The pathetic Condoleezza Rice keeps coming and going. Ehud Olmert is formulating a document without content in order to create the illusion of progress towards the creation of a Palestinian state next to Israel. Israeli airplanes bombard a Syrian area in order to eliminate a threat of “weapons of mass destruction”. Israel prepares to bomb or not to bomb nuclear installations in Iran. President Bush is calling for an “international meeting” at an unknown date, with unknown participants for an unknown purpose.
All this is imagined reality. The real reality is unfolding on the ground, every day, every hour: nightly incursions in West Bank towns, frantic building in the settlements, enlargement of the “Israelis only” road network, further additions to the 600 or so existing roadblocks, worsening of the living conditions in the Palestinian ghettos in the West Bank and turning life in the Gaza Strip into hell.
This is the real war: the war for “the whole of the Land of Israel” – a war that has disappeared from public discourse, but that is being waged energetically, far from the eyes of Israelis living only 20 minutes drive from there. The Palestinians are fighting with their meager means but with dogged obduracy.

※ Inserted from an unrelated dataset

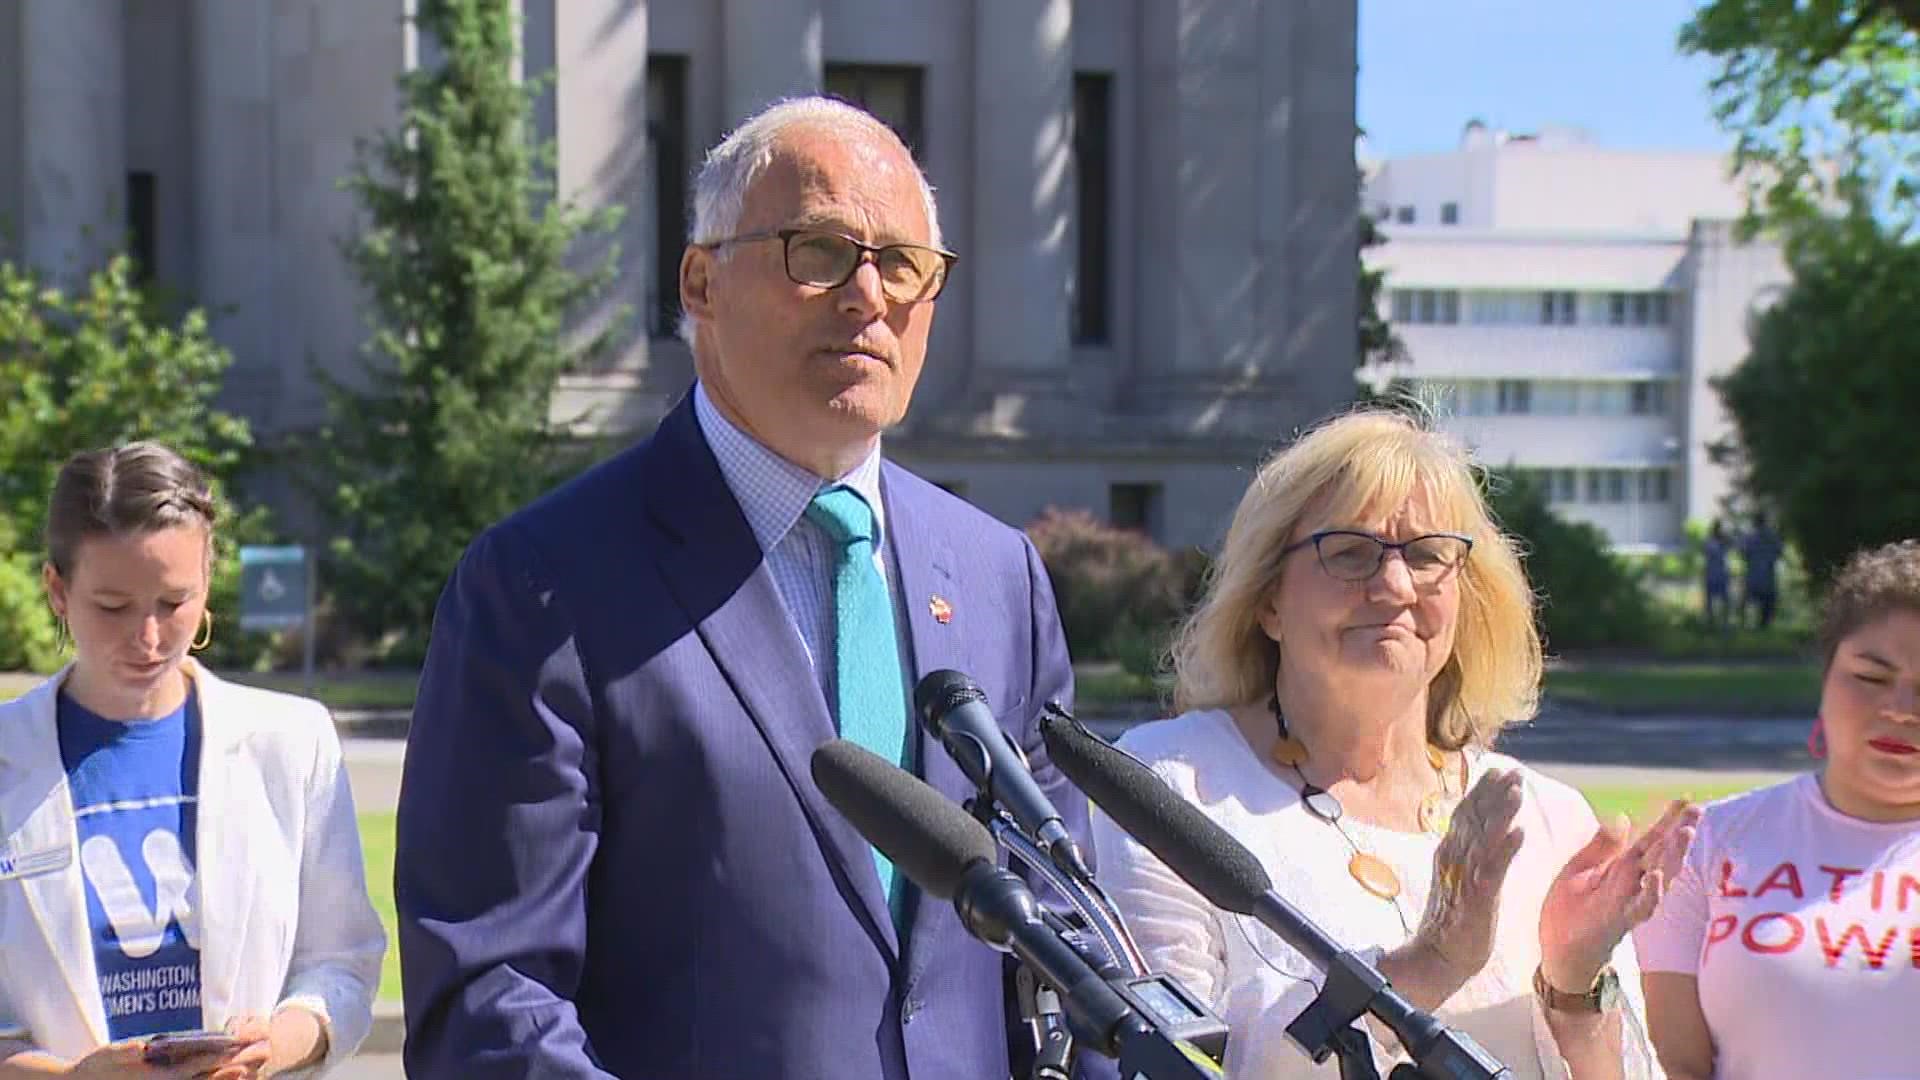 Washington Gov. Jay Inslee announced how the state intends to shield patients who travel to seek abortions from being pursued by authorities in other states.

If a historic compromise between the peoples is not achieved, this war will go on for generations. A boy born today will join the war on his 18th birthday, like the boys born 18 years ago, and his father, like those before him, will bury him.
The Yom Kippur War was only a small episode in this campaign. It was fought in the North and the South, against the Syrians and the Egyptians. The Palestinians were not involved. But no one doubted for a moment that it was a part of the Israeli-Palestinian conflict.